OK.  In that case x86-64 will also benefit from the patch at the 
beginning of this thread.

> I guess the only architectures that would benefit from your implementation
> above are the ones that do not have any optimization for constant
> 64-by-32-bit division and just call do_div.

And then it would be best to optimize do_div() directly so all users 
would benefit.

> > > On a related note, I wonder if we can come up with a more efficient
> > > implementation for do_div on ARMv7ve, and I think we should add the
> > > Makefile logic to build with -march=armv7ve when we know that we do
> > > not need to support processors without idiv.
> > 
> > Multiplications will always be faster than divisions.  However the idiv 
> > instruction would come very handy in the slow path when the divisor is 
> > not constant.
> 
> Makes sense.
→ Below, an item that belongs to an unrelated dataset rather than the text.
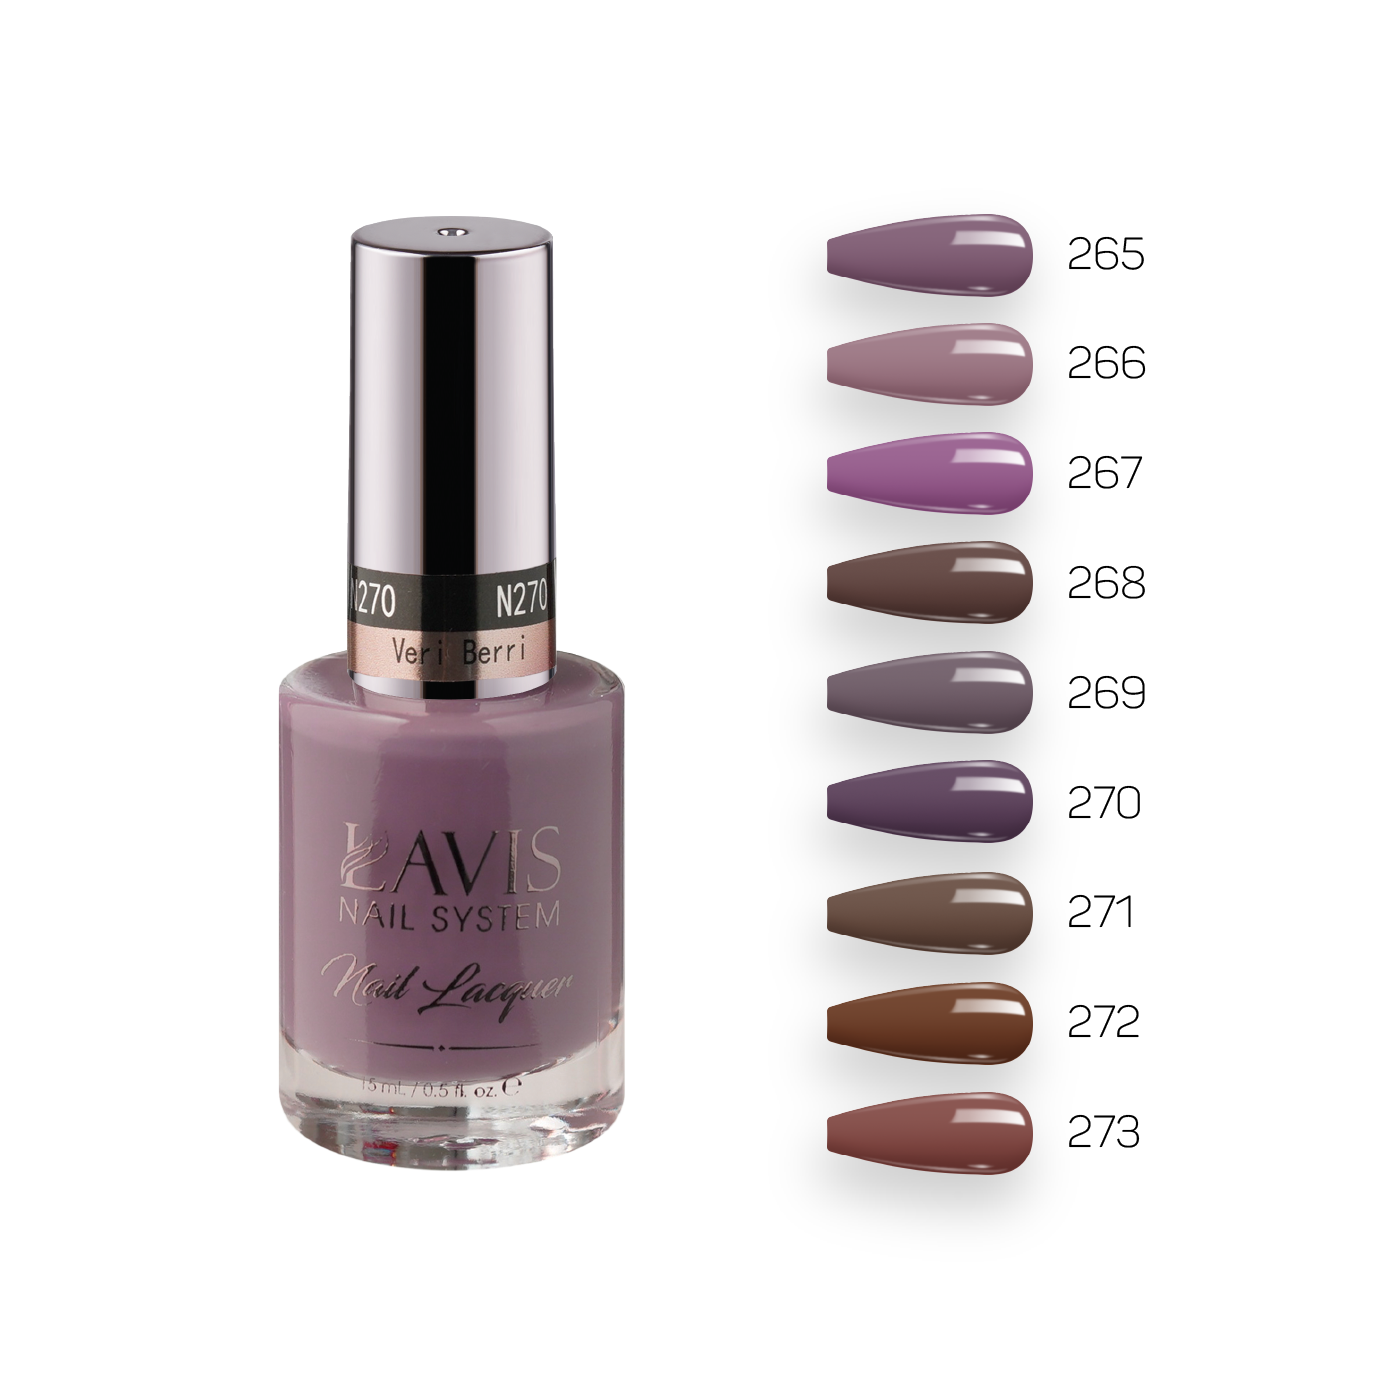 Lavis Healthy Nail Lacquer Fall Winter Set N4 (9 colors) : 265, 266, 267, 268, 269, 270, 271, 272, 273

I also just checked the gcc sources and it seems that the
> idiv/udiv instructions on ARM are not even used for implementing
> __aeabi_uldivmod there. Not sure if that's intentional, but we probably
> don't need to bother optimizing this in the kernel before user space
> does.

I wouldn't say so.  There are many precedents where we optimized those 
things in the kernel before gcc caught up.  In a few cases I contributed 
the same optimized arithmetic routines to both gcc and the kernel.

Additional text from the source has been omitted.